Впрочем, всё «дело Смолина» — это сплошное «зазеркалье»: должно быть так, а получилось всё с точностью до наоборот.
В чём же обвиняется Михаил Смолин? Начальнику ПТО дробильно-сортировочного завода, до сих пор входящего в «империю» семьи Пушкарёвых, ставится в вину то, что с 16 марта по 18 марта 2021 года он содействовал тому, что инспектор Государственной инспекции труда (ГИТ) Приморского края Галочкин вымогал взятку с руководства завода, и всё-таки получил её. Правда, сама взятка была передана Галочкину 01 апреля 2021 года без какого-либо участия Смолина.
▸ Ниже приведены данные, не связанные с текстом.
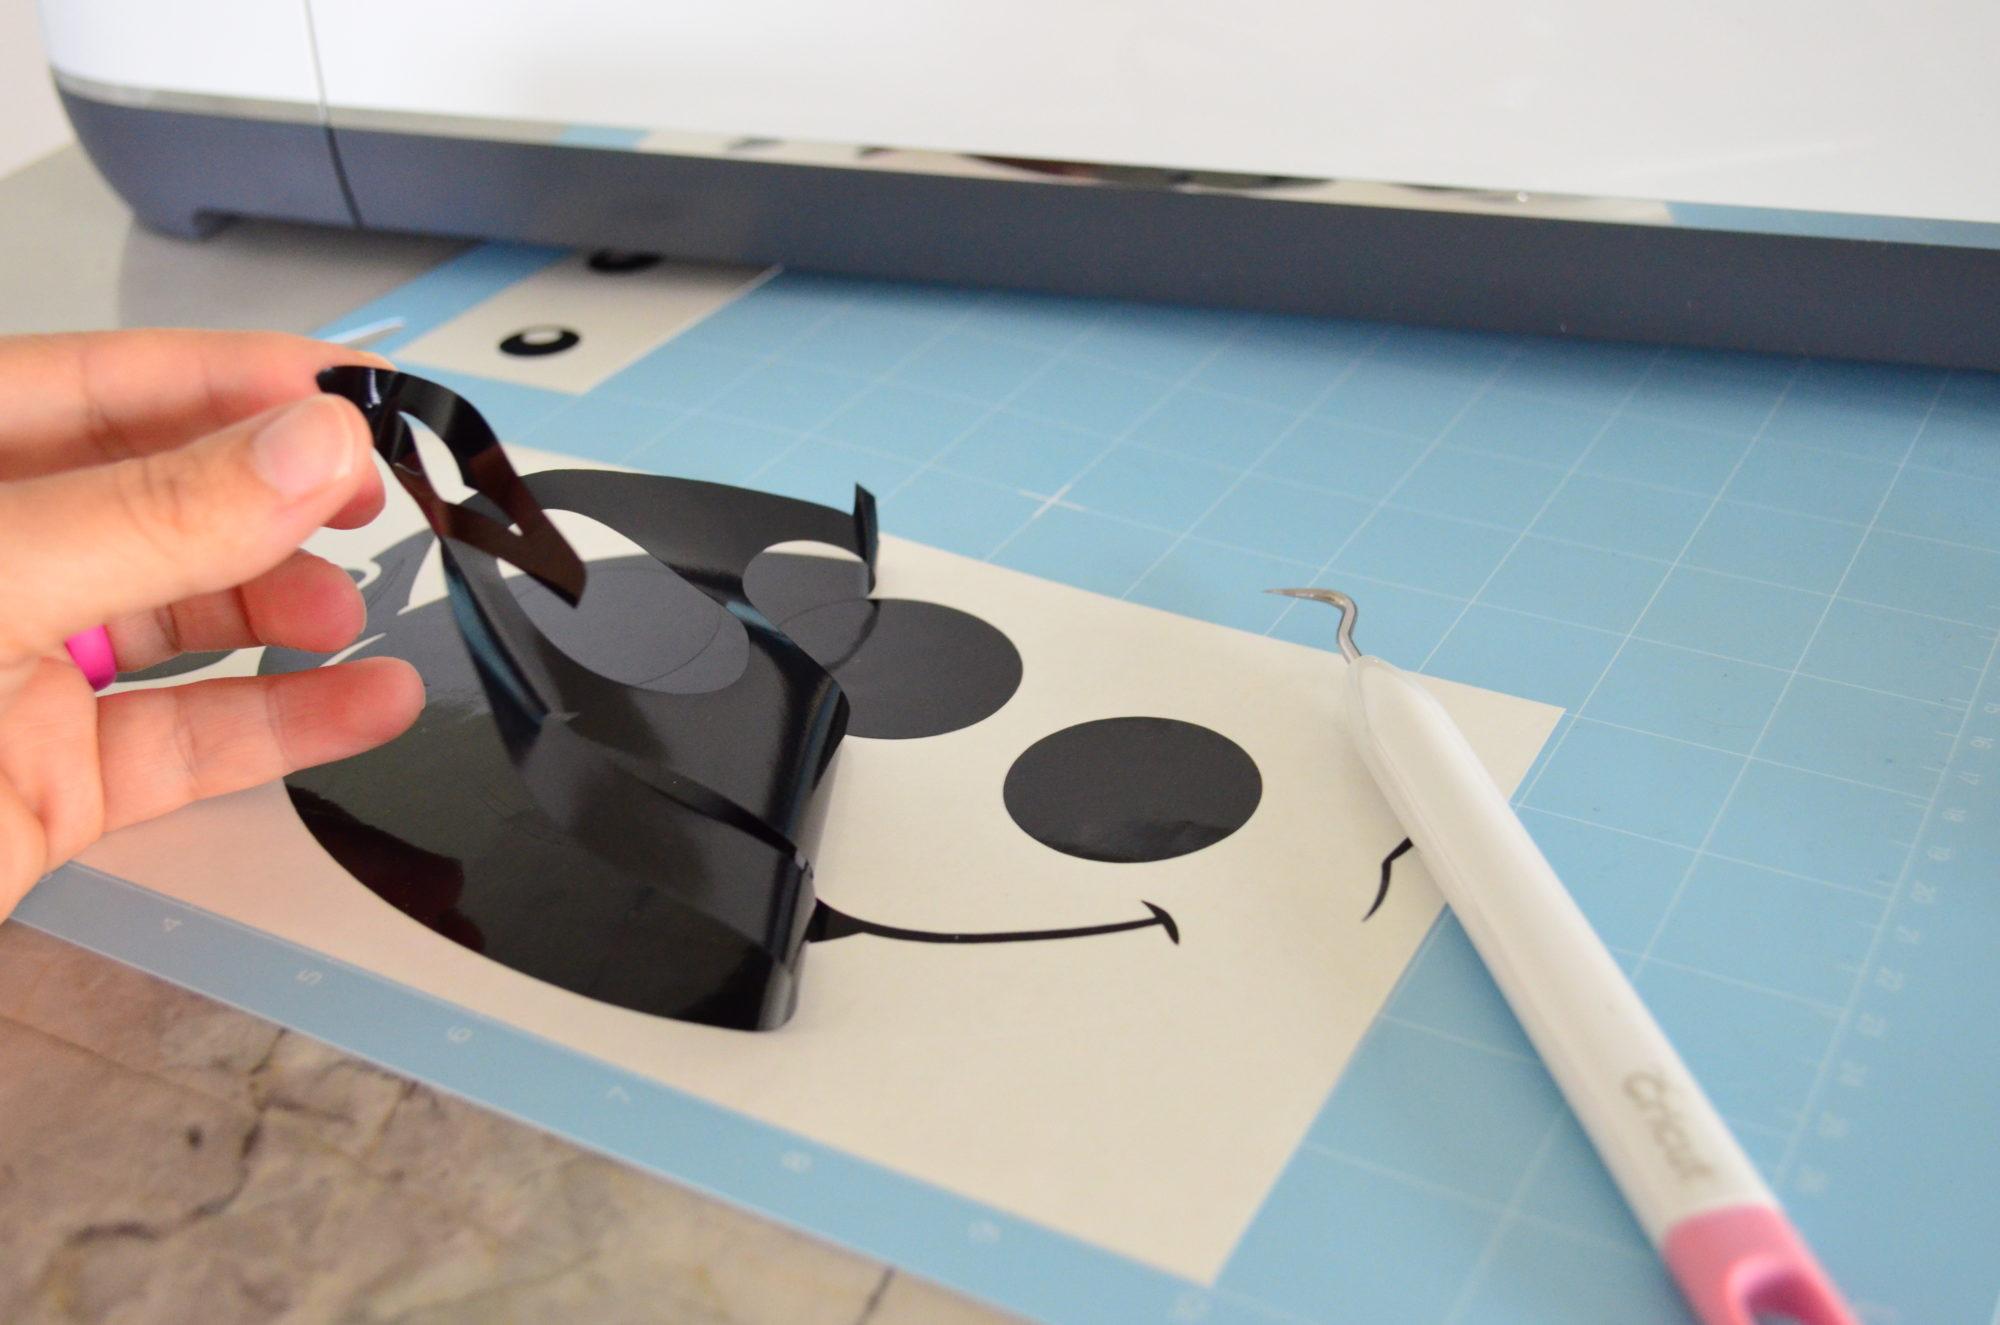 Peeling the negative off vinyl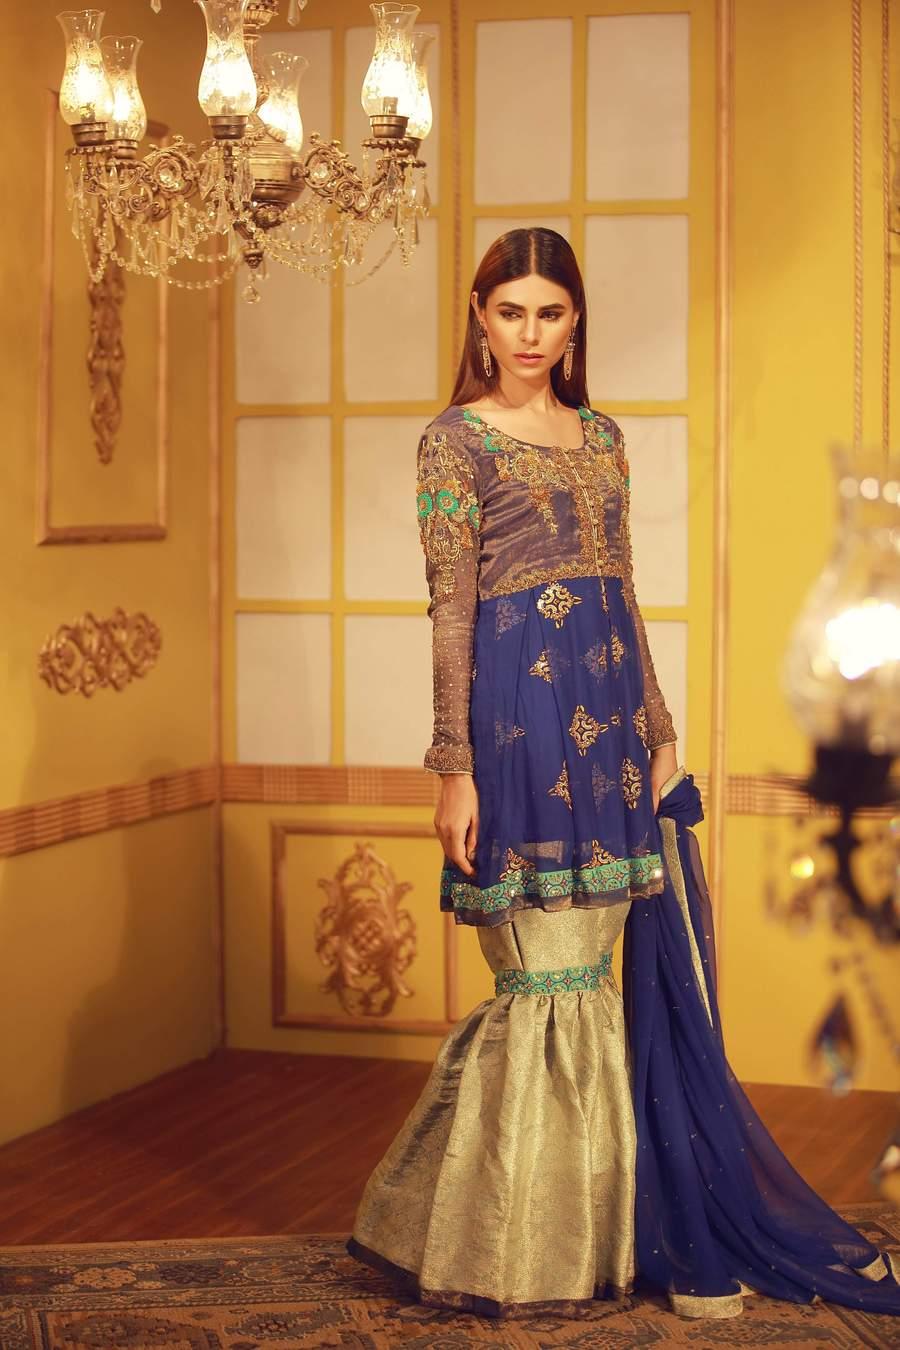 Royal Blue Zardozi Work Chiffon Peplum Mehndi Dress by Sarosh Salman paired with Jamawar Gharara Pants in Mint Color and Pure Chiffon Dupatta

Деньги передавали совсем другие люди через посредника — и фамилия этого посредника была вовсе не Смолин. Сам Галочкин и на следствии, и на суде отрицал, что Михаил Смолин как-то причастен к передаче взятки или к тому, что Смолину было обещано хоть какое-то вознаграждение. Наоборот, в ходе судебного заседания сам Галочкин (в статусе подсудимого) сообщил, что Смолин неоднократно говорил ему, чтобы он (Галочкин) не брал никаких денег!
А началась вся история с того, что в феврале 2021 года инспектор ГИТ Приморского края Сергей Галочкин пришёл с проверкой на дробильно-сортировочный завод и обнаружил там массу нарушений по охране труда. Общий счёт штрафов, который Галочкин мог назначить заводу, составлял 35 миллионов рублей. О чём он сообщил двум людям, которых знал на заводе — Михаилу Смолину и некоему М., который занимал на заводе должность начальника отдела охраны труда. Галочкин, не скрывая свои аппетиты, потребовал от завода 3 млн рублей в качестве взятки. Иначе будет штраф на 35 миллионов и приостановка работы завода, на котором трудился 91 человек. Михаил Смолин и Сергей Галочкин были ранее знакомы: они учились в одном вузе и даже вместе какое-то время работали в Государственной инспекции труда инспекторами. Но Смолин проработал в ГИТ всего пару месяцев. Работа чиновника ему не понравилась, и он ушёл в маркшейдеры. Позже стал начальником ПТО. Были знакомы между собой и Галочкин и М. Видимо, знакомство у них было не совсем «шапочным», если у них были телефонные номера друг друга, вместе они ходили в ночные клубы и в баню, что прямо указывается в материалах дела. И Михаил Смолин, и Сергей Галочкин потом расскажут в суде, что М. сам помог Галочкину найти нарушения на заводе, а уж потом Галочкин потребовал с завода деньги.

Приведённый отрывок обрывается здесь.